ブエノス小僧のイラストブログ

興味があることを、ガサガサ、ゴソゴソ、画いたイラストといっしょに掲載します。

信長の剣(信長夜話・その45)

織田信長は職人や芸能者の第一人者に「天下一」という称号を許し、税免除などの特権を与えた。
大工、石工、陶器作り、畳職人にも与えている。
職人や工芸や芸術を評価して社会に認めさせた。

信長は茶道に強くひかれていたことはよく知られているが、刀にも興味があったと思われる。
自分の好みでもあったが、褒美の品として、また贈り物として幾振りもの刀を信長は所蔵していたのだろう。

名刀には、物語や伝説がつきものだ。伝説も刀の価値の一部だ。
織田信長が所有した幾振りかの刀について調べてみた。


童子切安綱(どうじぎりやすつな )

平安時代の大原安綱の傑作。
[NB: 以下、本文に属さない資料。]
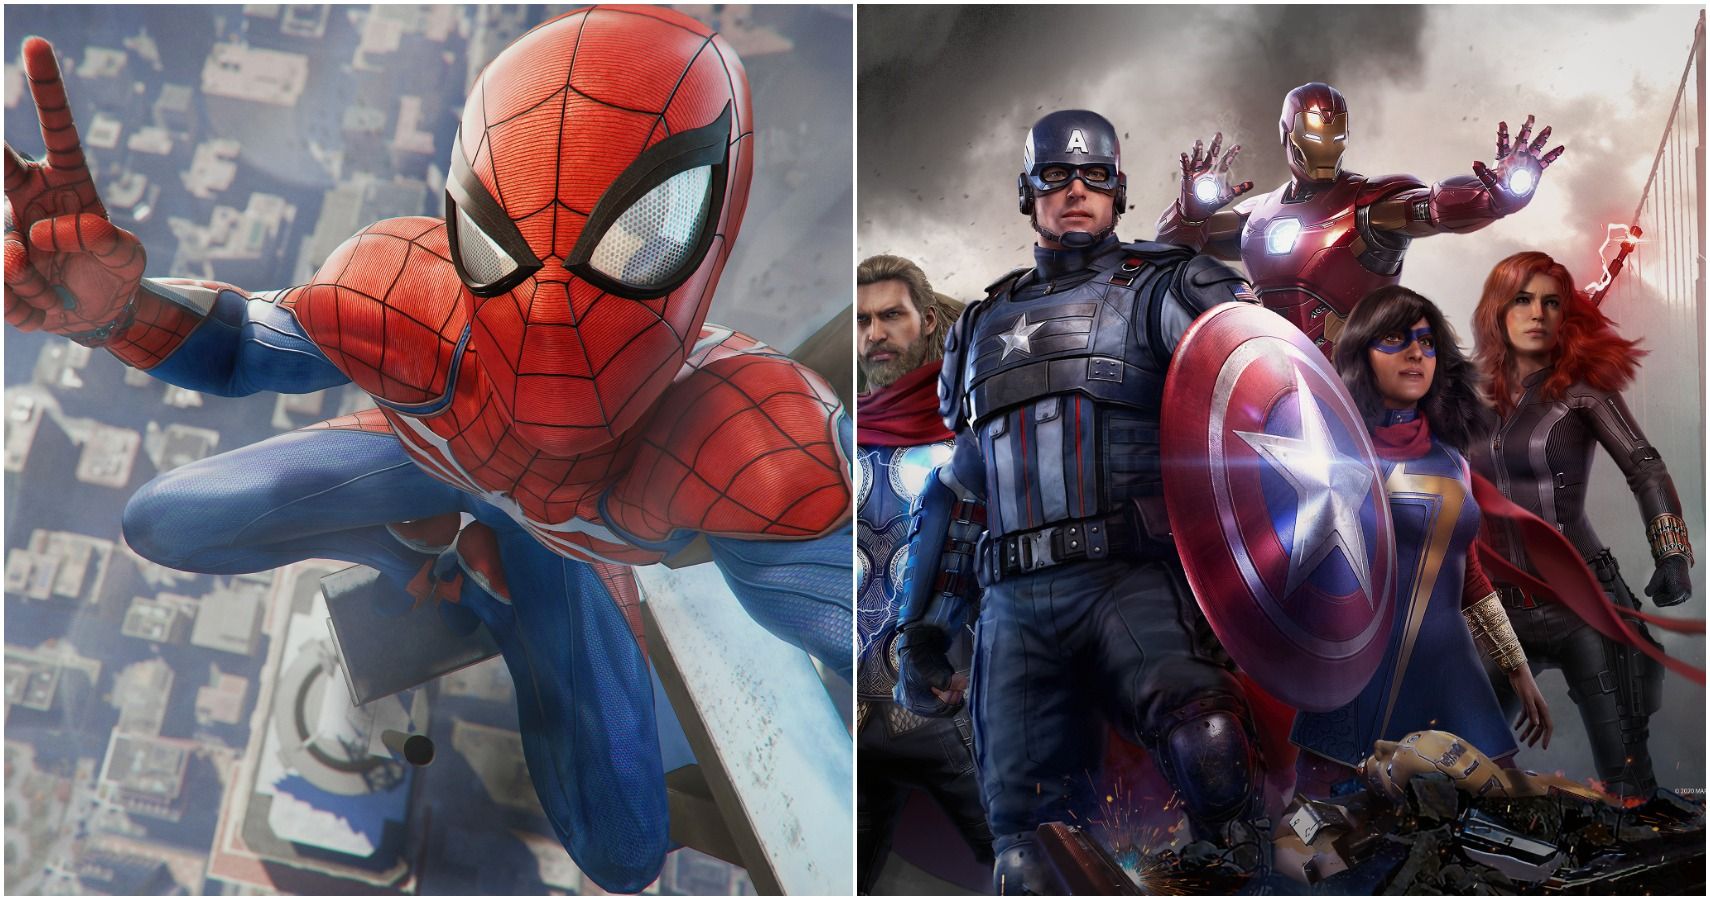 Spider-Man PS4 vs Avengers
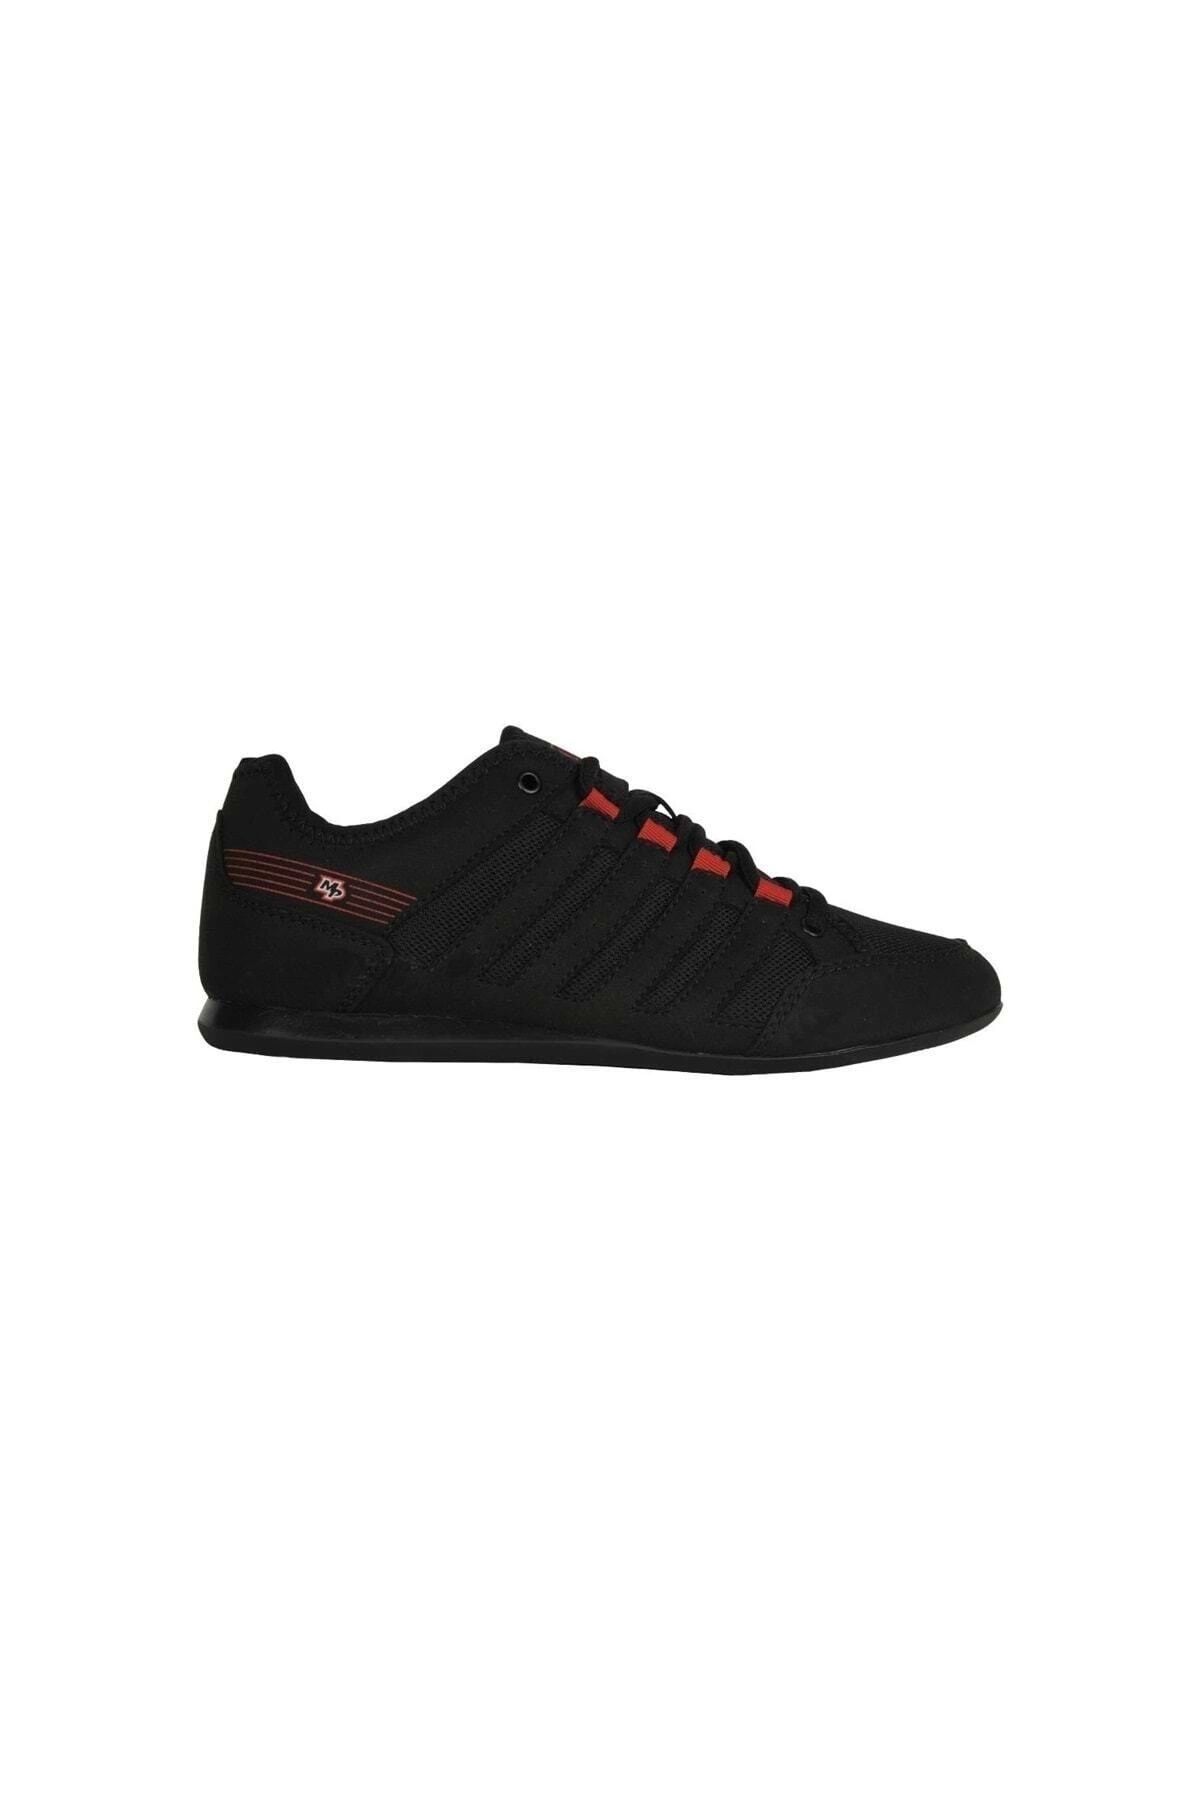 MP M.p 211-1088mr Erkek Sneaker Spor Ayakkabı - Siyah-kırmızı - 42

天下五剣(室町時代頃より特に名刀といわれた5振の名刀のこと)のひとつ。
伝説の鬼、酒呑童子(しゅてんどうじ)の首を切って退治したときの刀ということから、この名前が付いた。

江戸時代に、6人の罪人の死体を積み重ねて切断、さらに刃が土台まで届くほどのすさまじい切れ味だったと伝えられている。
織田信長が所蔵した後、秀吉、家康と時の権力者の手に渡った。
現在は国宝として東京国立博物館に眠る。

話はすこしそれるが、酒呑童子(しゅてんどうじ)という名前が実にいいね!
声にだして言ってみるともっと良い!
酒呑童子伝説はいくつもあるが、ボクの好きな伝説を書く。

酒呑童子は少年のころメチャクチャに美しかったという。
言い寄る女がゴマンといたが、すべてをすげなく断った。

想いを遂げられずに悲しんで死んだ多くの女たちの恨みによって、酒呑童子は醜い姿の鬼になってしまう(女の恨みは怖ろしい)。
送られた恋文を燃やしたときの煙にまかれて鬼になったのだという。

酒呑童子は、その醜い姿を隠すように各地を点々とした後、大江山に住みついた。
(なまじ美しかったからなあ・・・)
大江山は丹後半島の付け根にある連山の名前だ。
当時は京からはるかに遠く、山深いところだった。

時を経て、酒呑童子は巨大で奇怪な鬼になり、多くの鬼の手下を従えるようになっていた。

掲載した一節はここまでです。